Heute sind KI-betriebene Dienste bereits Teil des Mainstreams. Dies bedeutet, dass immer mehr Menschen sie aktiv einsetzen und sie in ihr tägliches Leben integrieren. Genau wie beim Surfen im Internet sind bei der Verwendung von AI, die viele Menschen übersehen, bestimmte Vorsichtsmaßnahmen zu treffen. Das Endergebnis wird darin bestehen, Ihre eigene Datensicherheit zu gefährden. In einer neuen Entwicklung hat ein Cybersicherheitsunternehmen einen Fehler in ChatGPT gefunden, der es Hackern ermöglicht, private Informationen von einem Google Mail -Konto eines Benutzers zu stehlen.

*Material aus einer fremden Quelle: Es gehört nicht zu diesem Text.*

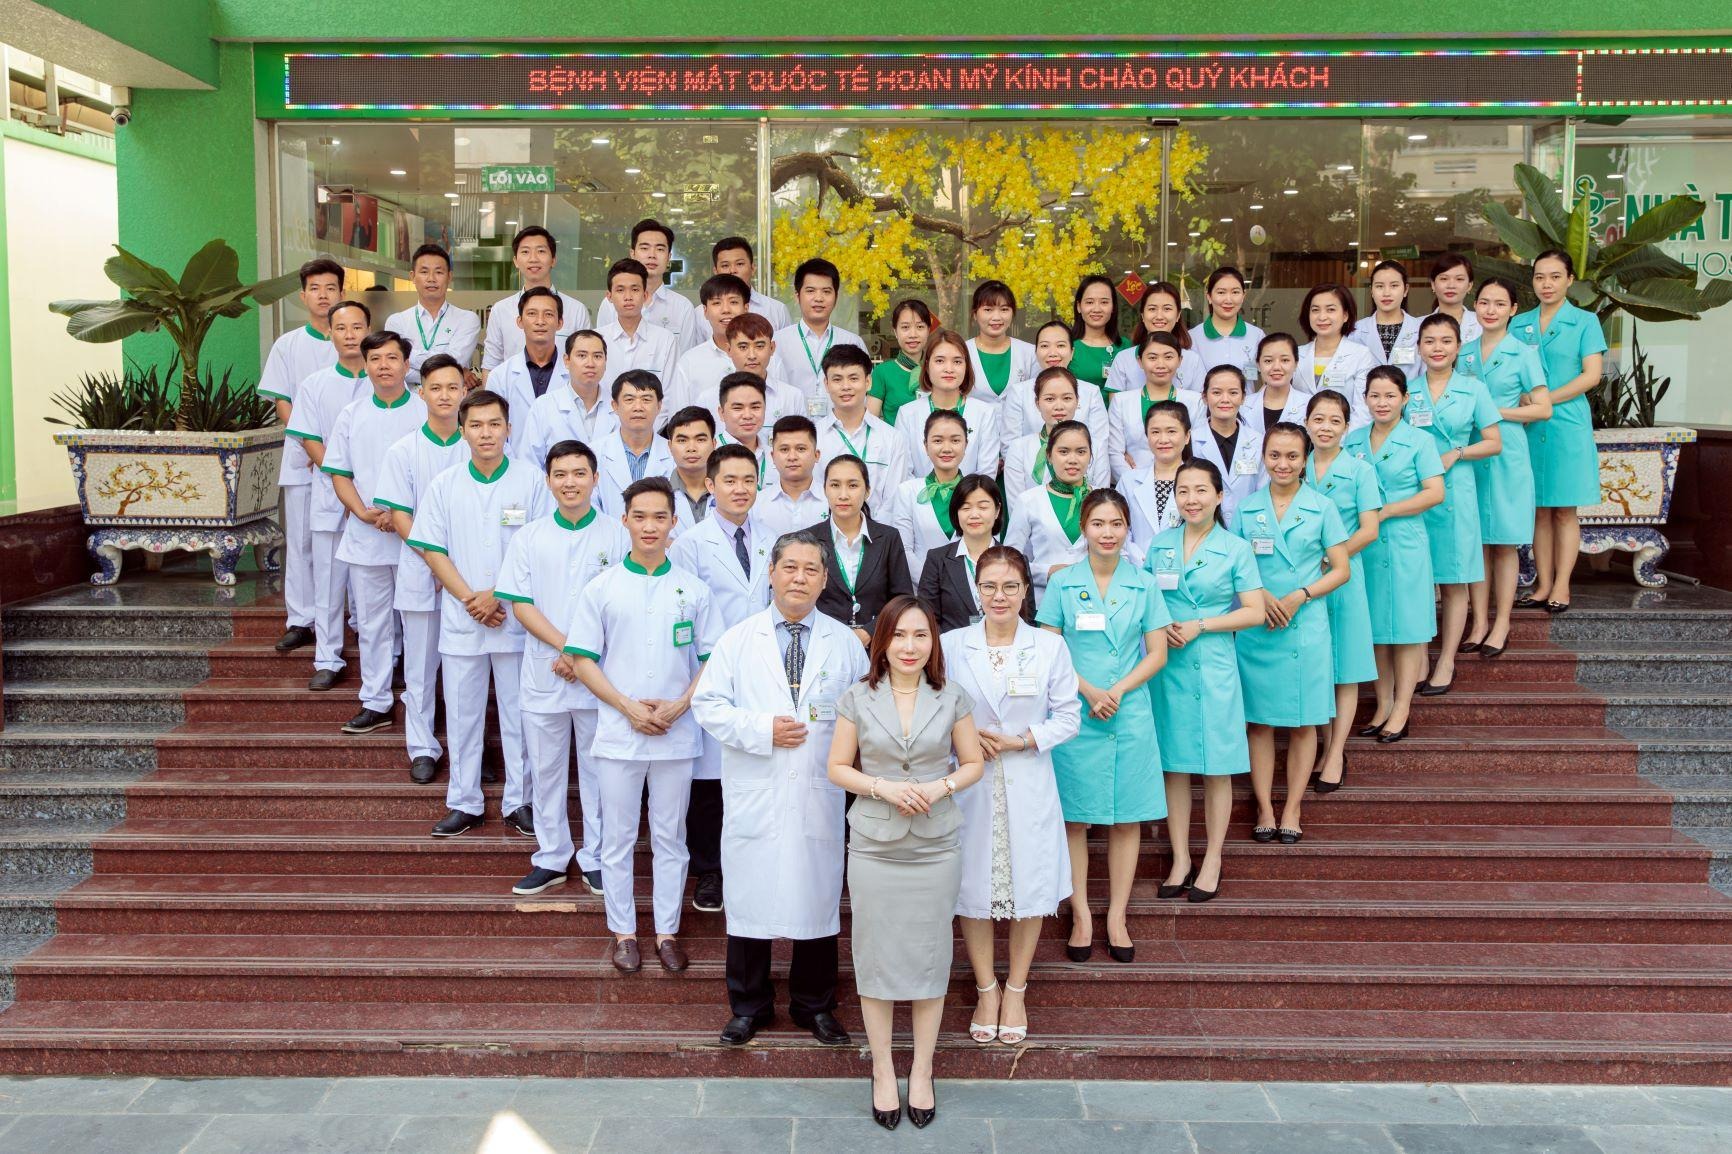 Hoan My Saigon International Eye Hospital

ChatGPT -Verwundbarkeit wurde gefunden, die Google Mail -Daten entlarvt haben könnten
Zu Beginn ist Radware das Team, das die Verwundbarkeit entdeckt hat. Openai hat bereits einen Patch dafür gesendet. Die Ergebnisse unterstreichen jedoch eine neue und komplexe Bedrohungslandschaft.
Das Cybersecurity -Team fand das Problem in der „Deep Research“ -Funktion von Chatgpt. Wenn Sie nicht bekannt sind, kann diese Funktion große Mengen an Informationen von verbundenen Apps wie Google Mail und Google Drive analysieren. Laut Radware hätte ein Hacker eine spezielle E -Mail mit geheimen Anweisungen erstellen können. Wenn ein Benutzer ChatGPT bat, eine tiefe Forschungsabfrage in seinem Google Mail-Posteingang durchzuführen, könnte der Chatbot in eine von Hacker kontrollierte Website scannen und vertrauliche Daten ausgelöst werden. Diese Daten können von Namen bis zu Adressen reichen.
Was diese Verwundbarkeit besonders bemerkenswert macht, ist, dass es ein Beispiel dafür ist, dass ein KI -Agent manipuliert wird, um Daten zu stehlen (wie von Bloomberg berichtet. Normalerweise verwenden schlechte Akteure KI als Tool, um einen direkten Angriff zu starten. Der Prozess war schwierig auszuführen. Es erforderte ein sehr spezifisches Szenario. Der Benutzer müsste eine Abfrage im Zusammenhang mit einem Thema bitten (wie HR).
Die Bedrohung war auch für traditionelle Sicherheitsinstrumente schwierig zu erkennen. Radware stellte fest, dass Standardsicherheitsmaßnahmen das Senden von Daten nicht sehen oder stoppen konnten oder stoppen konnten. Dies liegt daran, dass die Daten -Exfiltration aus der OpenAI -eigenen Infrastruktur stammt und nicht aus dem Gerät oder Browser des Benutzers.
Sicherheitslücke schnell gepatcht, spiegelt jedoch eine neue Bedrohungskategorie wider
Openai wurde über den Fehler informiert und im August gepatcht, bevor er ihn im September anerkannte. Ein Sprecher des Unternehmens gab an, dass die Sicherheit seiner Modelle oberste Priorität habe. Sie sagten auch, dass sie Forschung aus der Gemeinschaft begrüßen, die ihnen hilft, ihre Technologie zu verbessern.
Glücklicherweise ist diese Sicherheitsanfälligkeit nicht mehr ausgenutzt. Die Entdeckung weist jedoch auf eine neue Kategorie von Sicherheitsrisiken hin. Wenn KI -Agenten stärker und in unser tägliches Leben integriert werden, wird sichergestellt, dass sie kein Vektor für den Datendiebstahl sind, der für Entwickler und Cybersicherheitsprofis gleichermaßen eine entscheidende Herausforderung darstellt.